TASK TO COMPLETE
Your answer must match, word for word, the lines from the one holding "line person yoga" through the final line below, with pictures excluded.

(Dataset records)
┌──

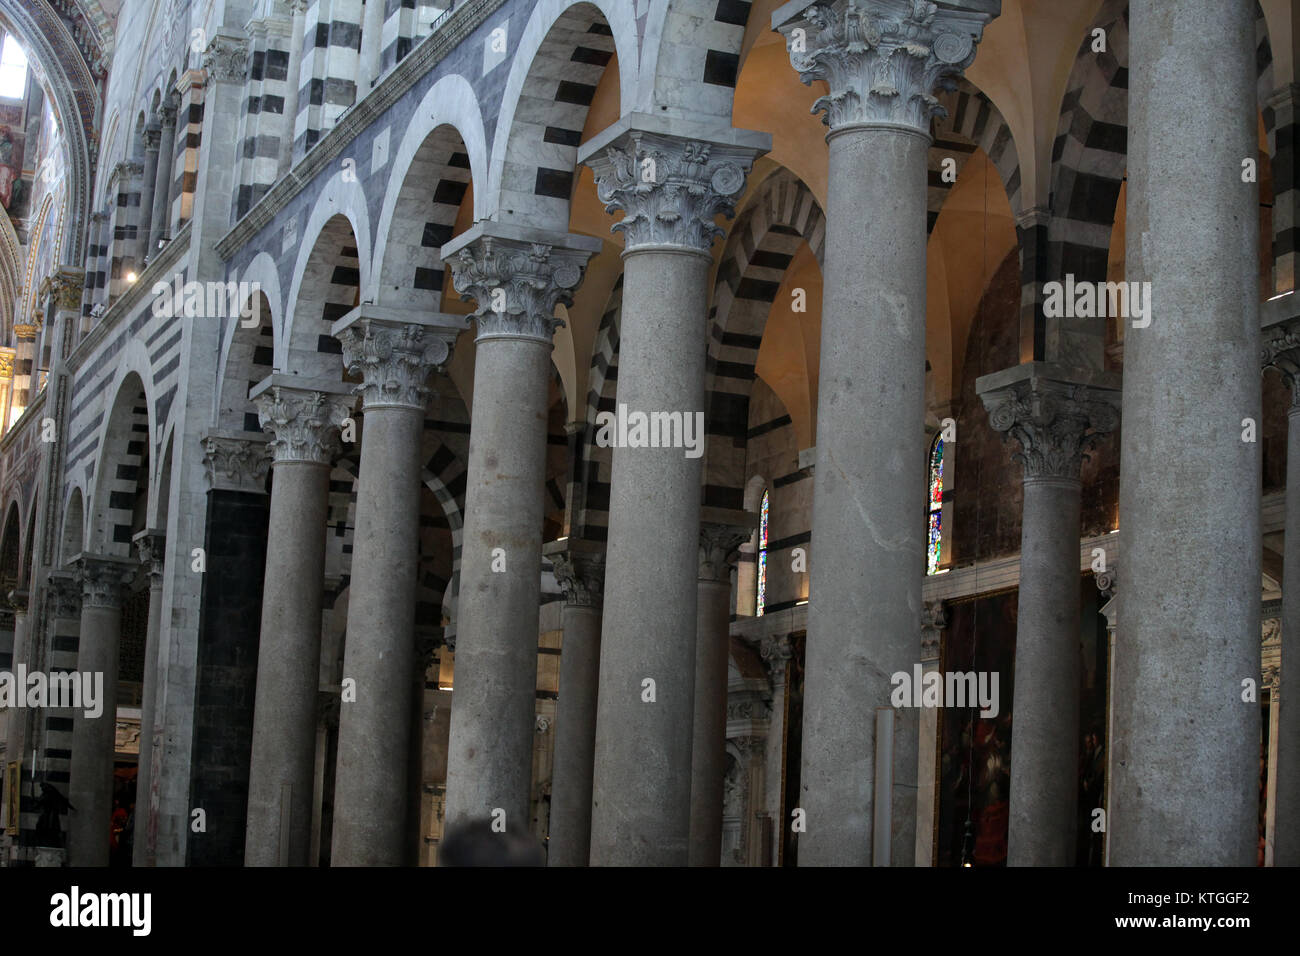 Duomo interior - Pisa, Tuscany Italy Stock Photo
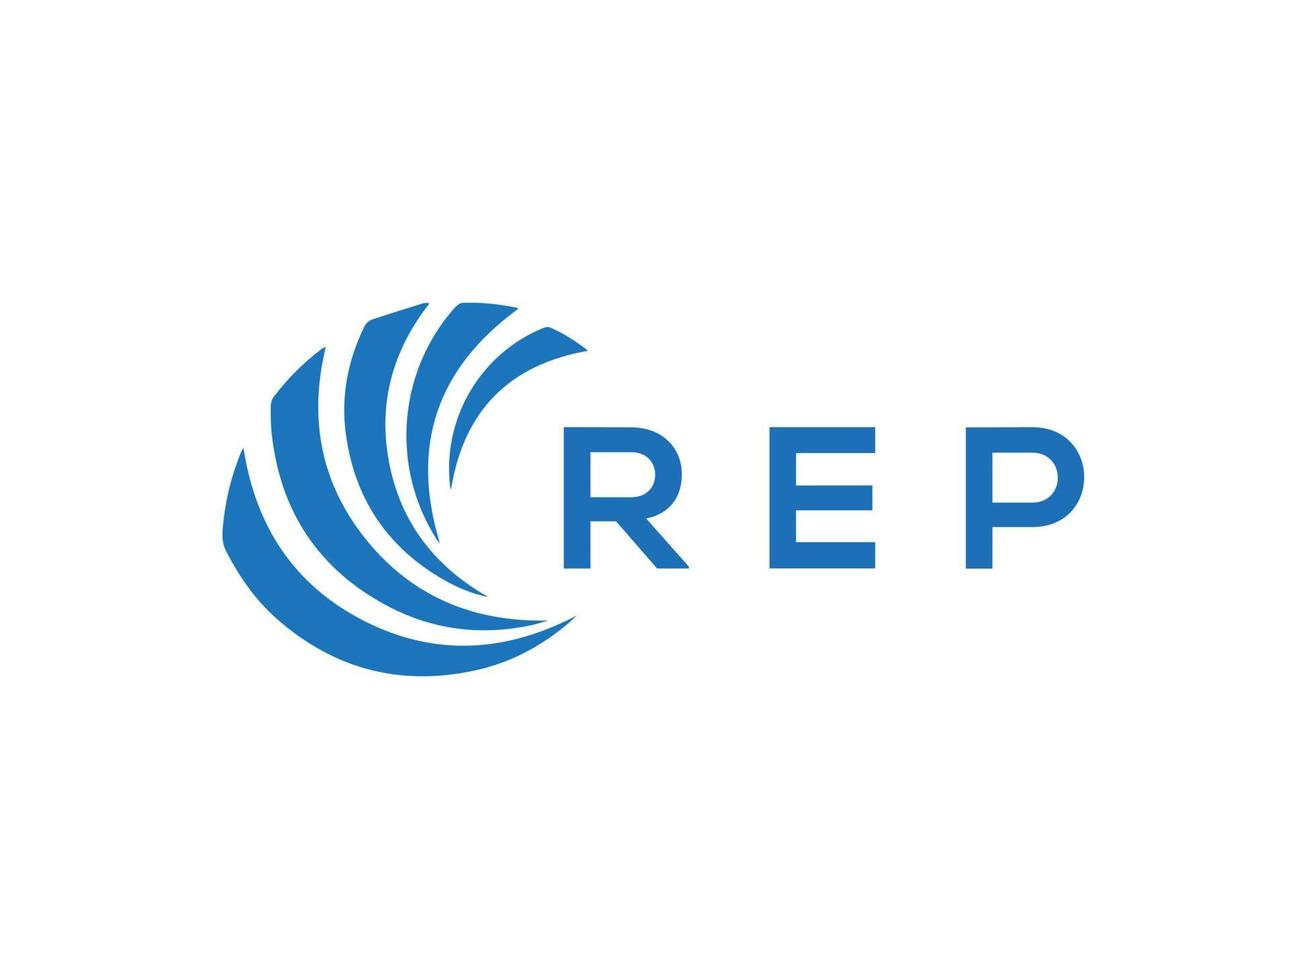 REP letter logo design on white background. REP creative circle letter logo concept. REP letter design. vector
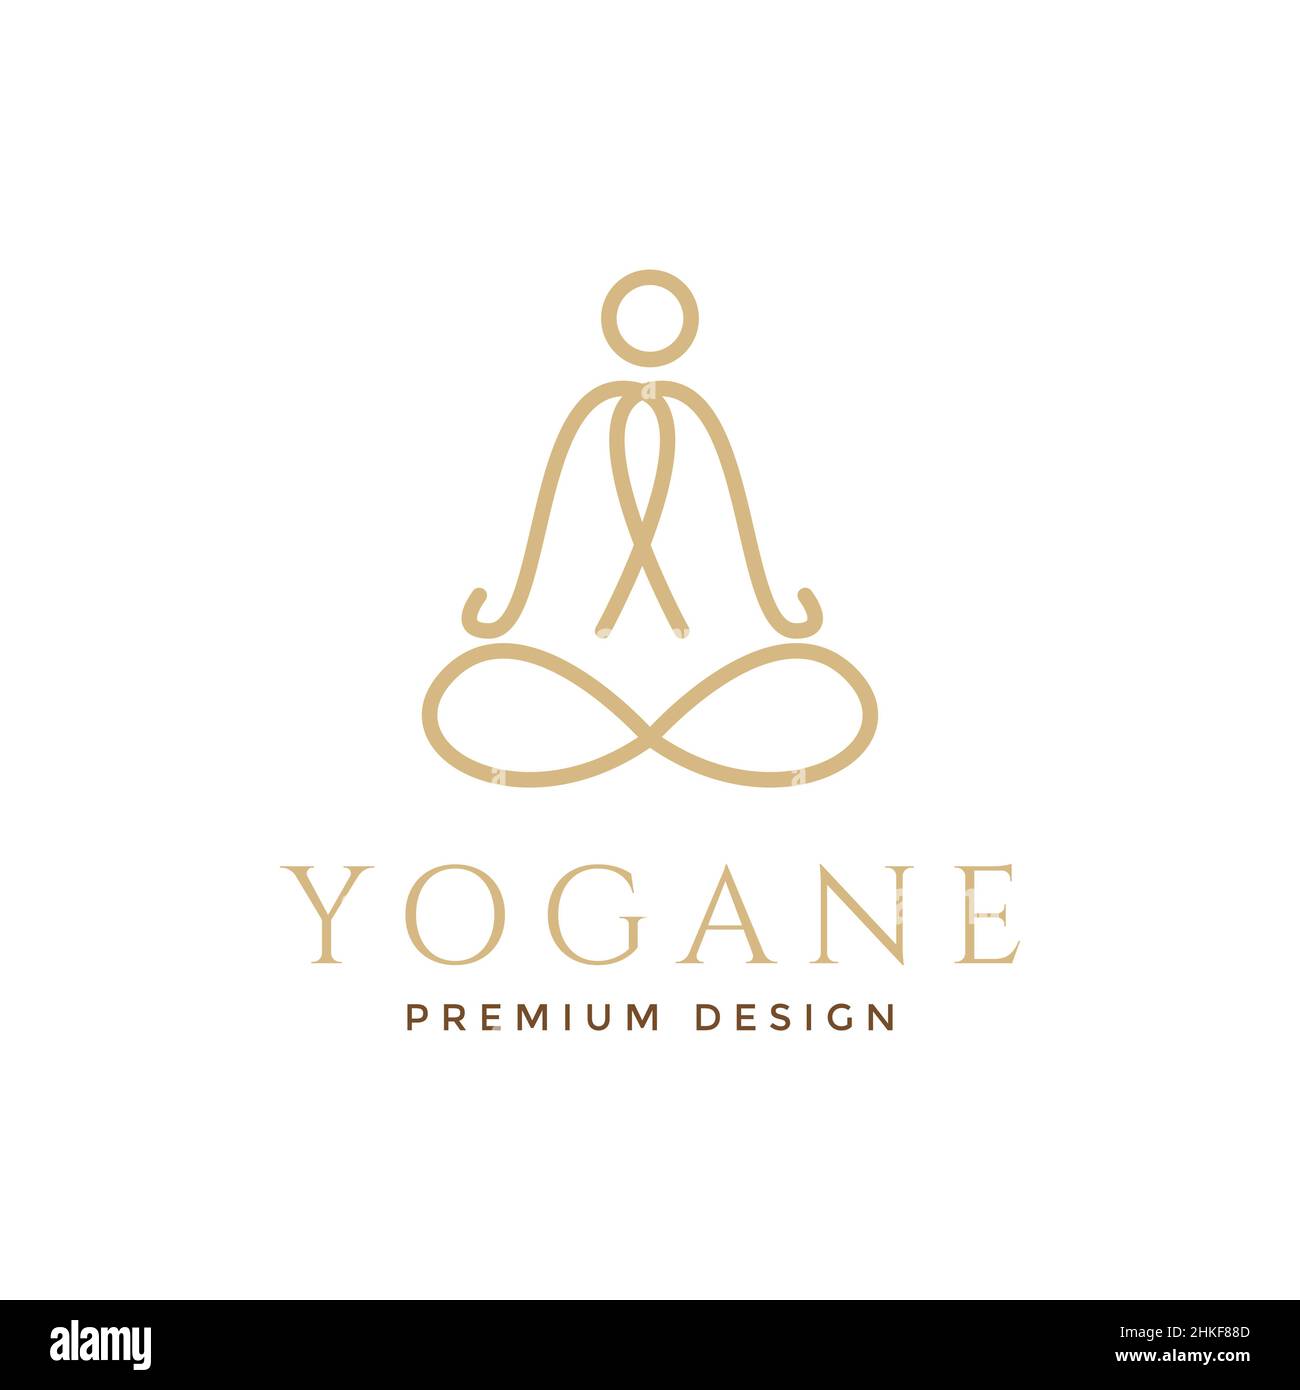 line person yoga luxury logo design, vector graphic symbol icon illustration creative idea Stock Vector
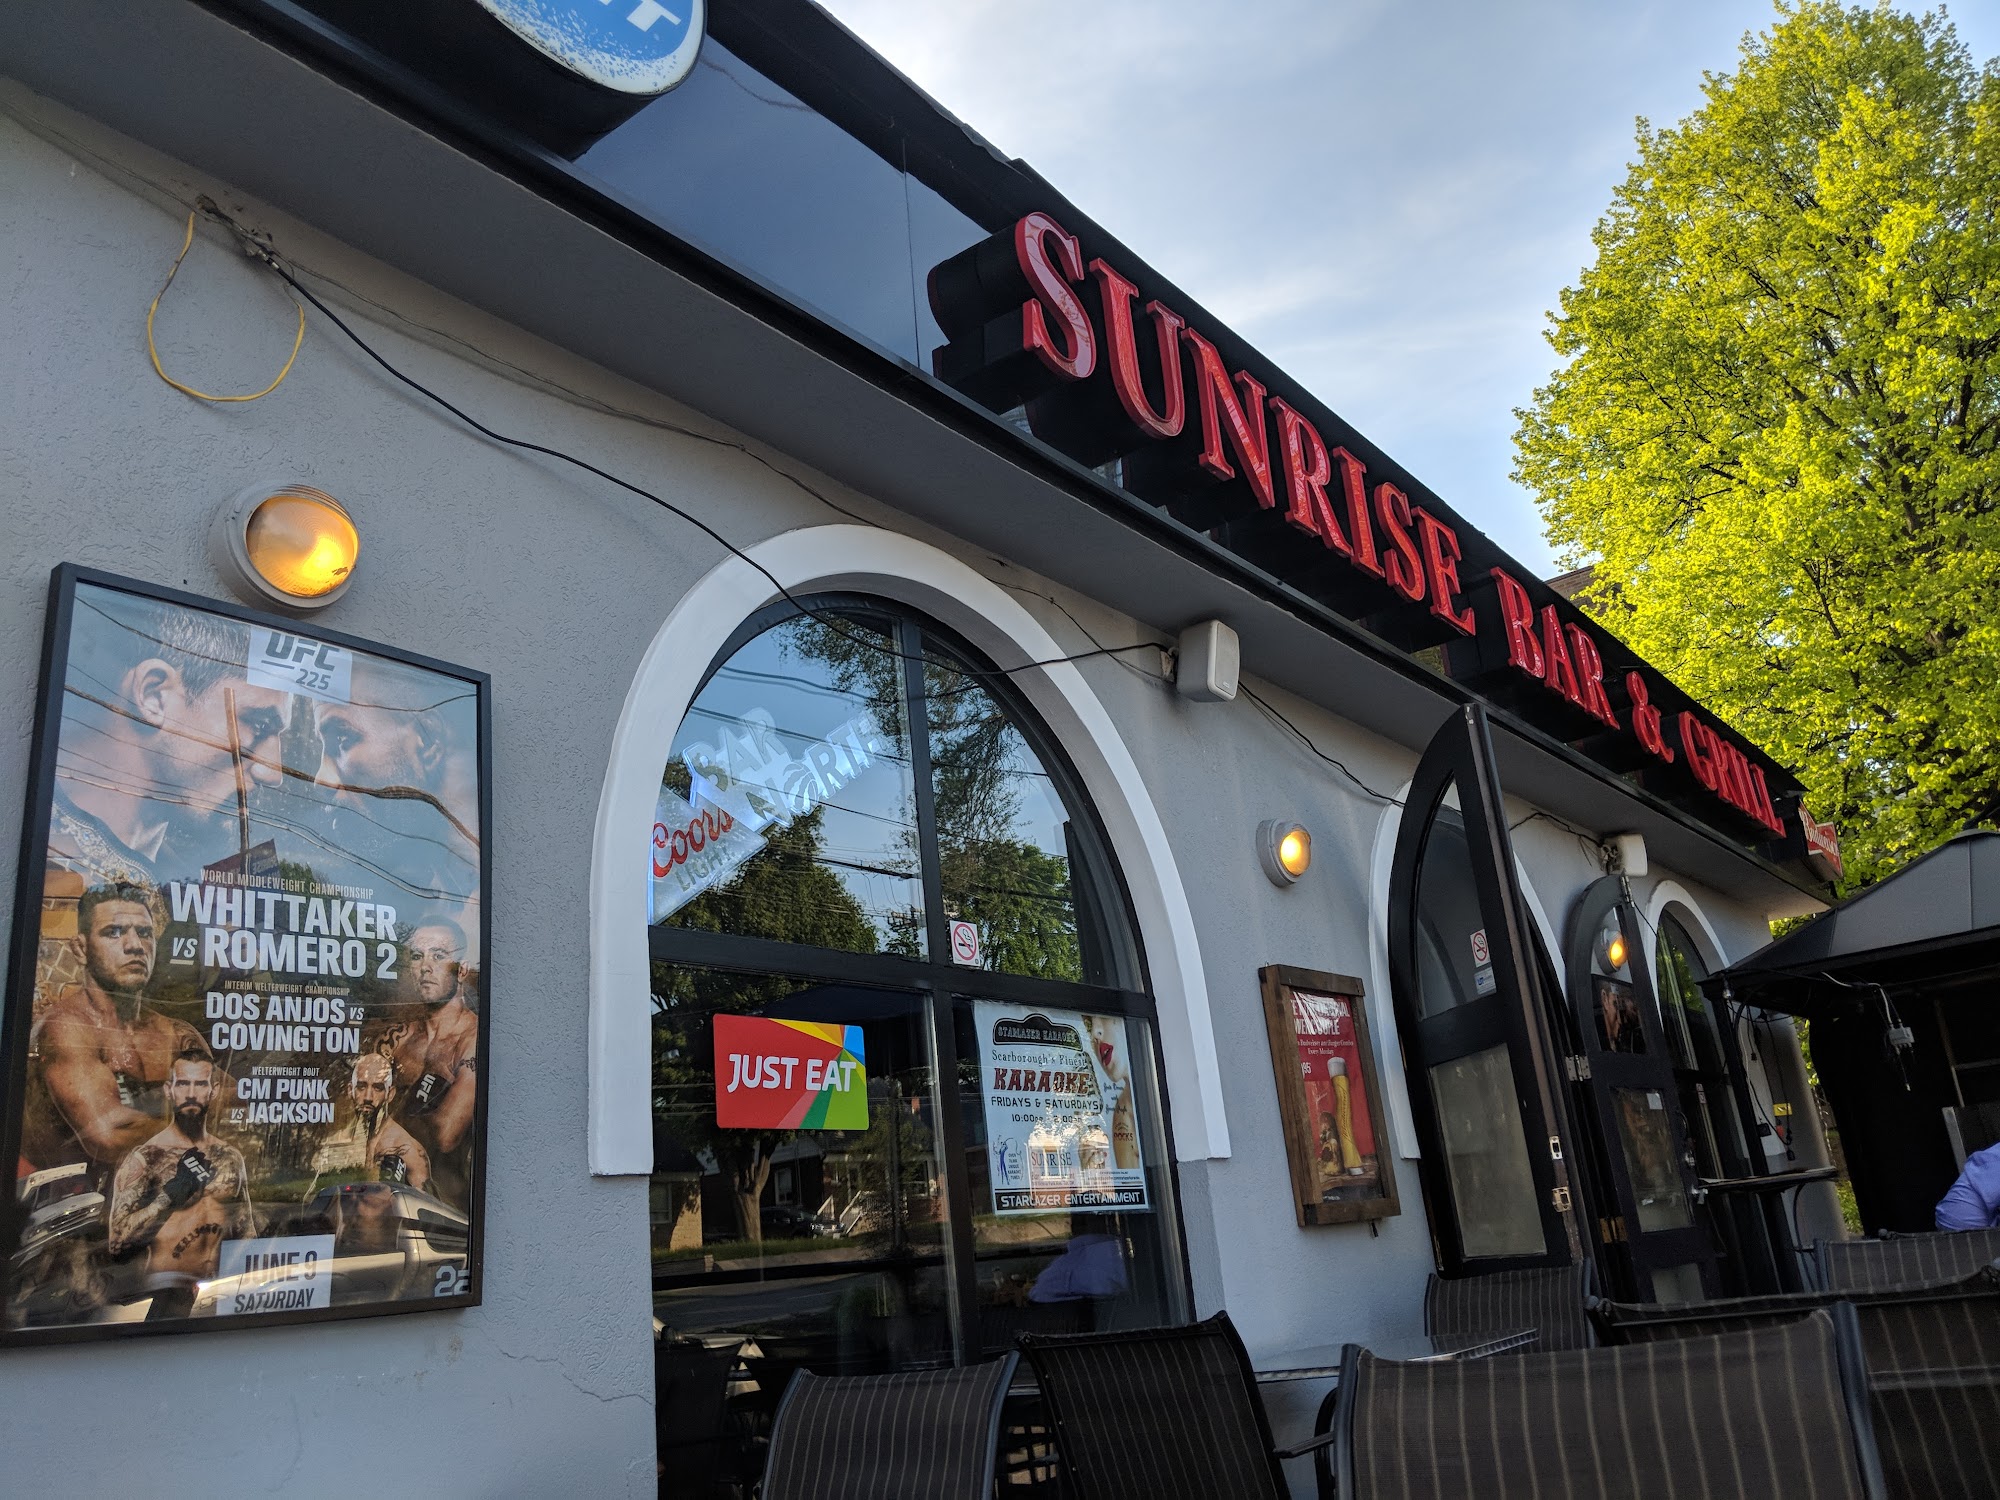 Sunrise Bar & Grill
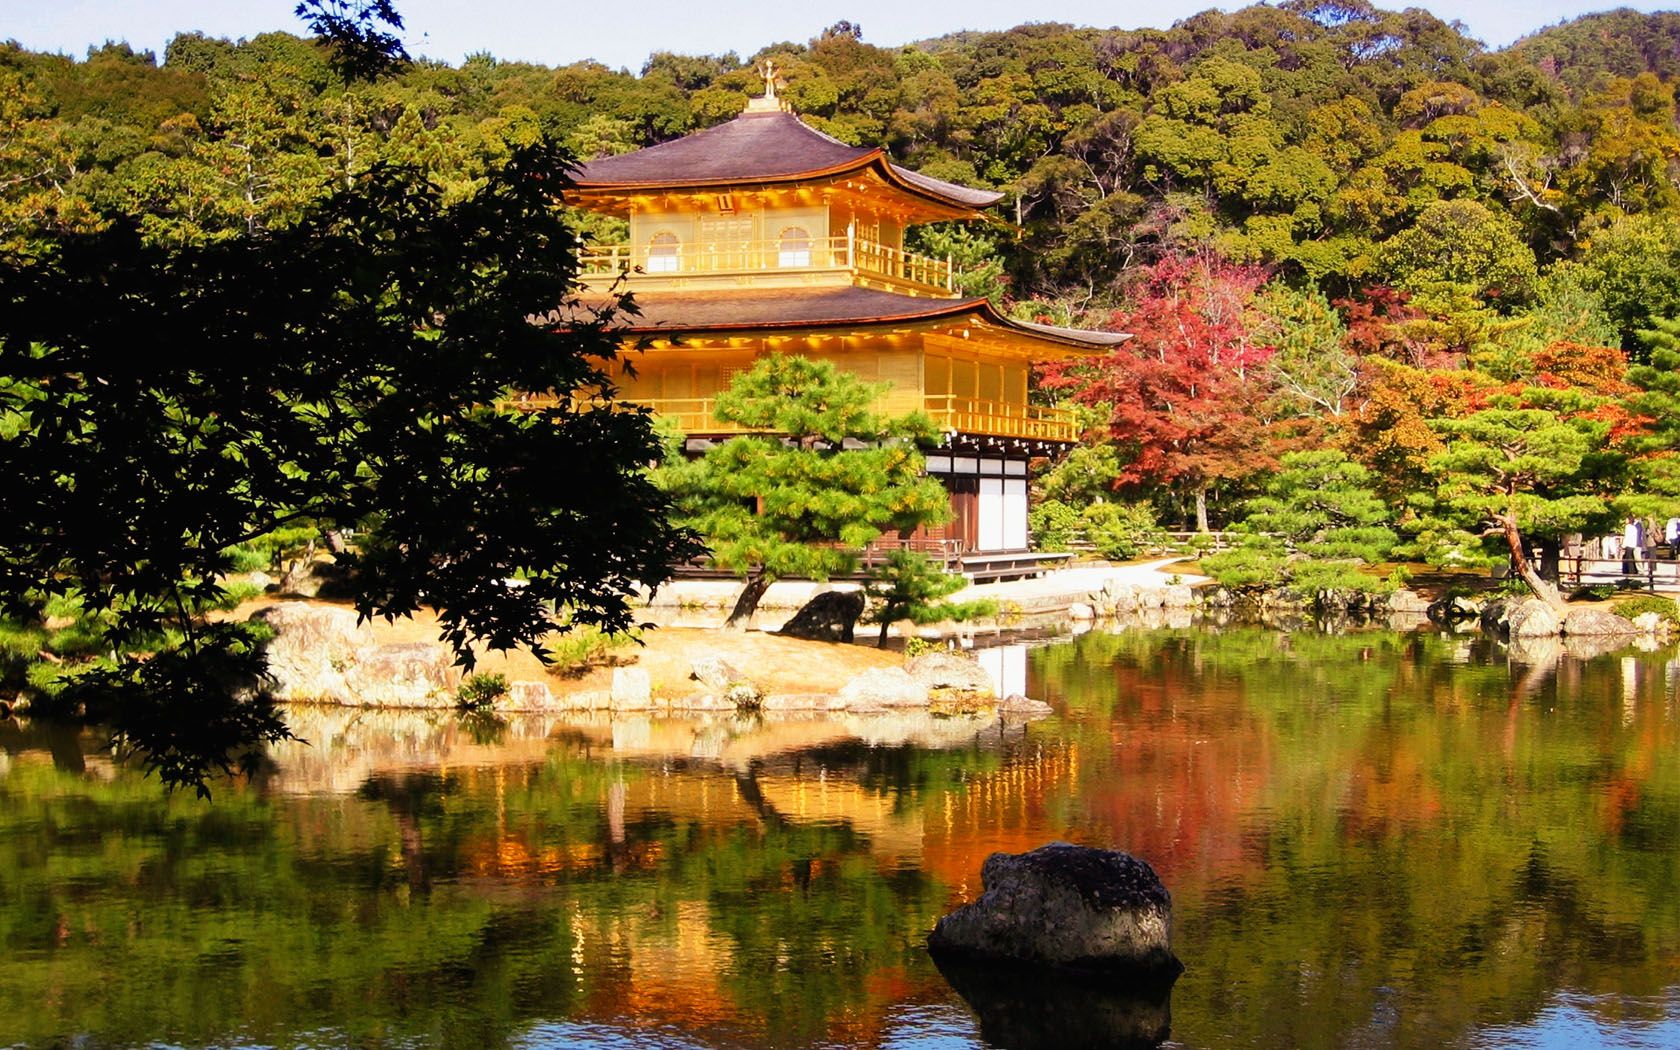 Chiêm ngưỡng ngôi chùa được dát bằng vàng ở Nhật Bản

└──

ANSWER AREA
 line person yoga luxury logo design, vector graphic symbol icon illustration creative idea Stock Vector
 Sunrise Bar & Grill
 Chiêm ngưỡng ngôi chùa được dát bằng vàng ở Nhật Bản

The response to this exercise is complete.